Work request
Although the material holds pictures, none belong in the copy; transcribe exactly, and only, the lines from the one with "Arabella, Terry, Kwame" through the end.

Data shown
╔══

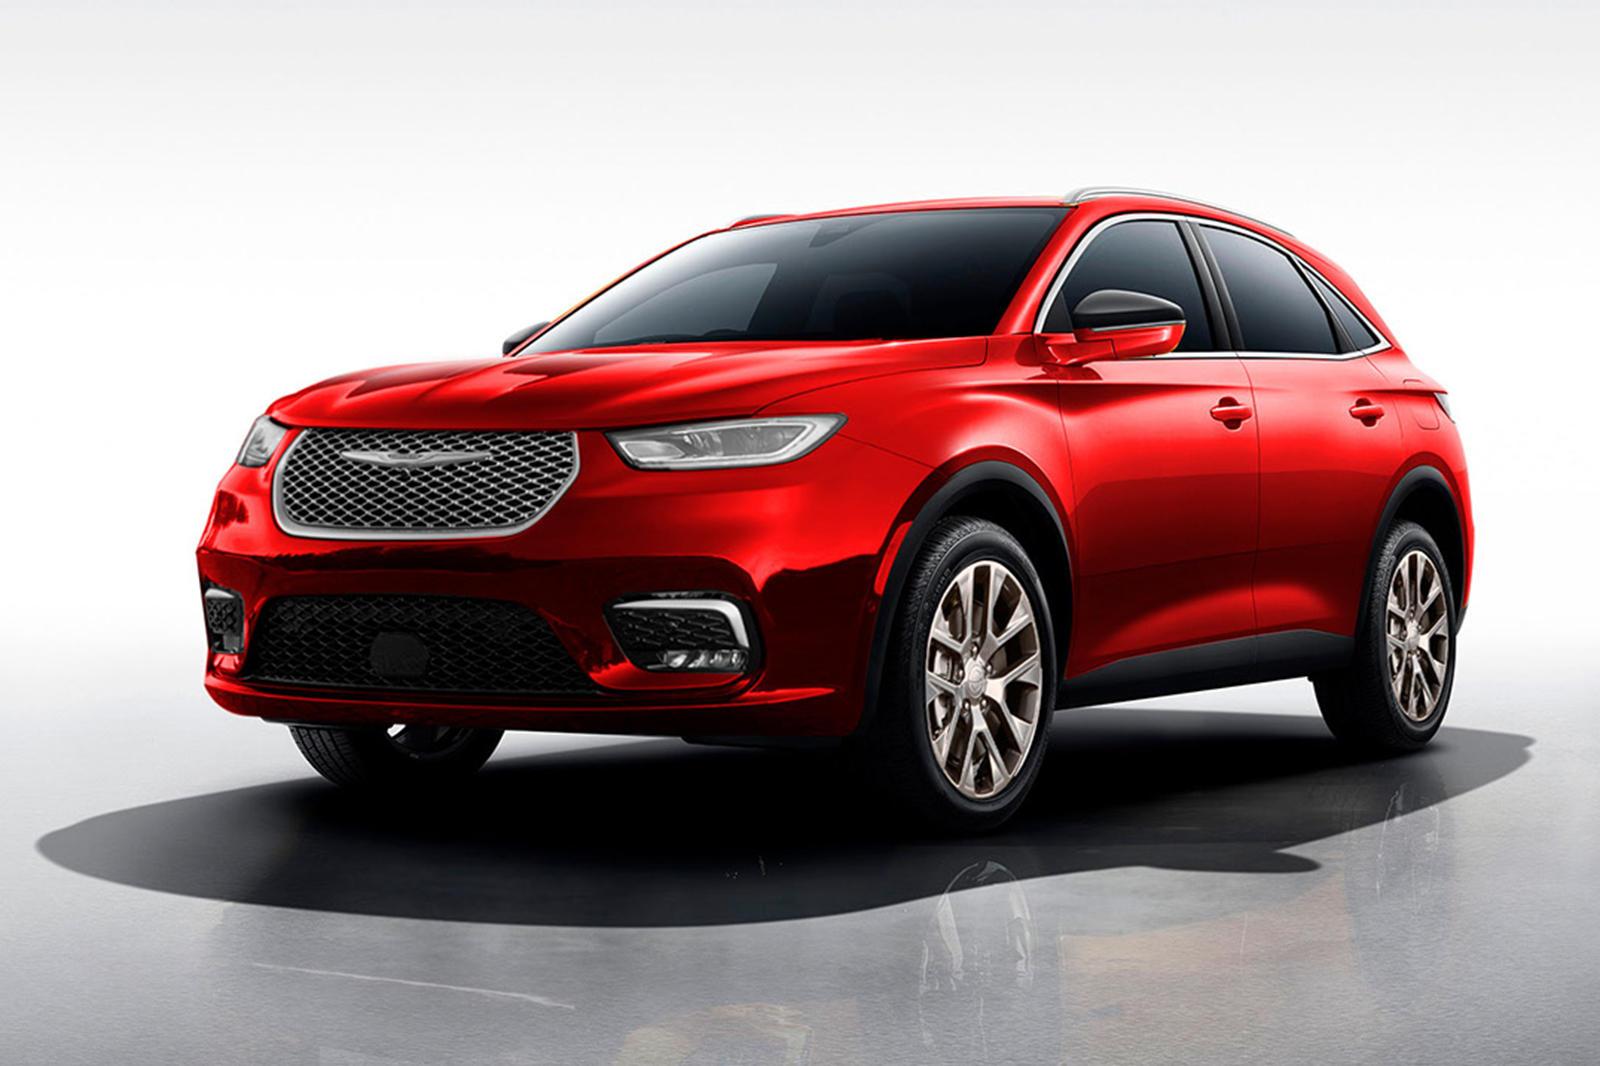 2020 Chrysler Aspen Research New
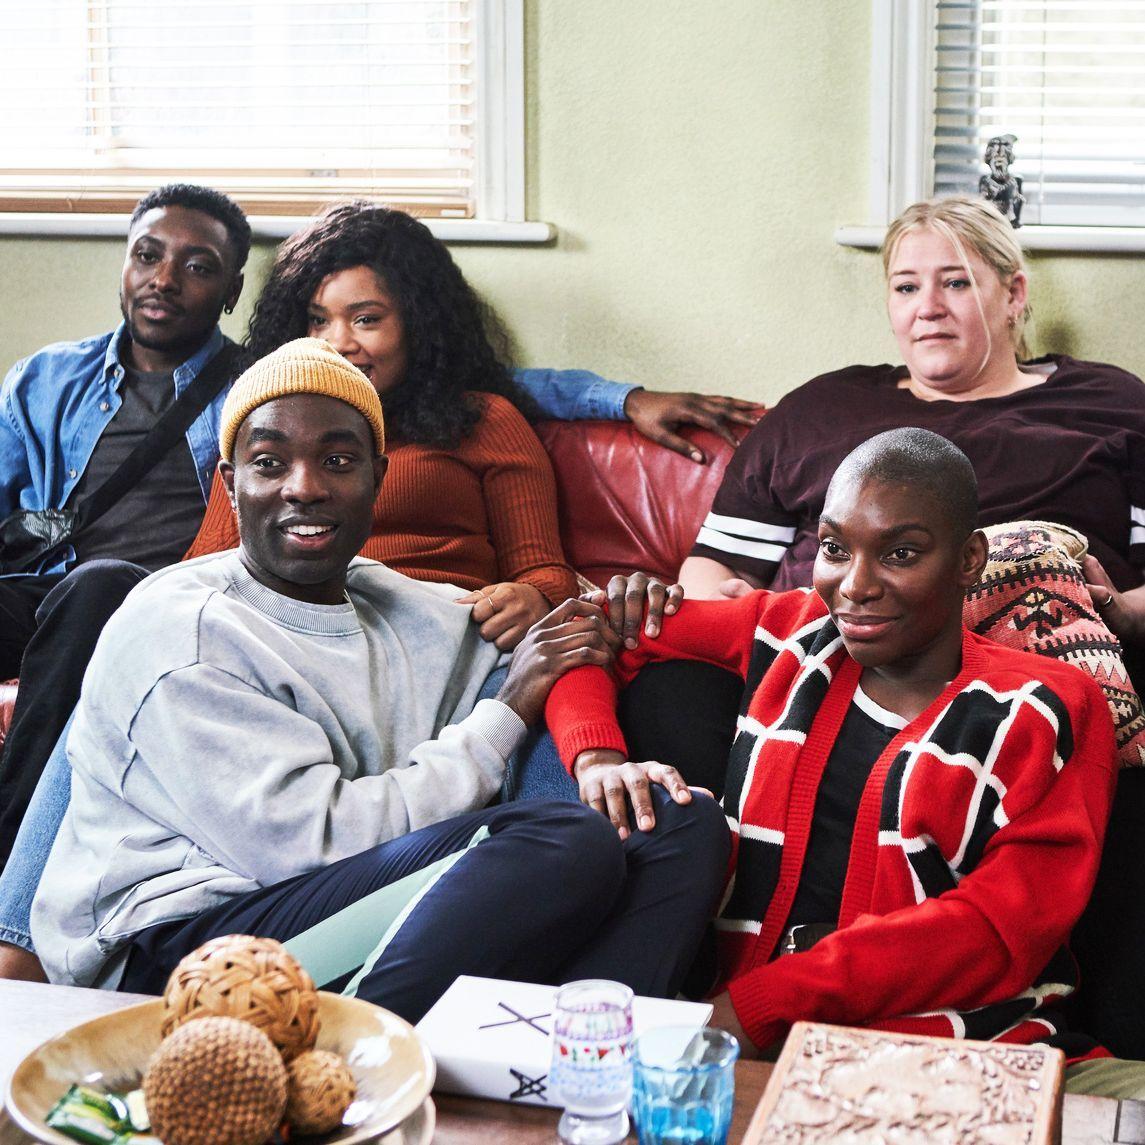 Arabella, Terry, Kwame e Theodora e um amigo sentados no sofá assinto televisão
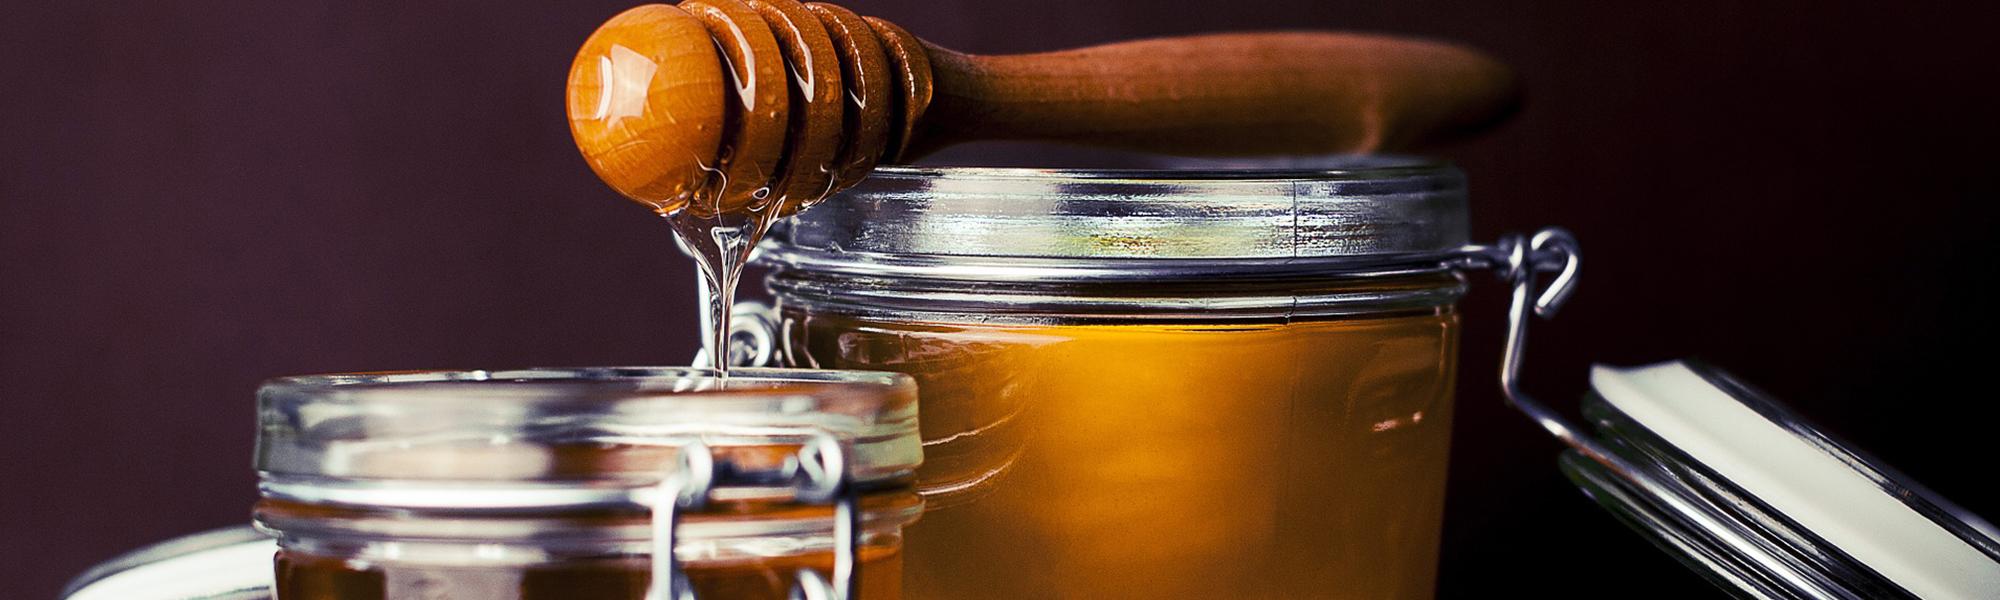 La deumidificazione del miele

╚══

Exercise answer
 Arabella, Terry, Kwame e Theodora e um amigo sentados no sofá assinto televisão
 La deumidificazione del miele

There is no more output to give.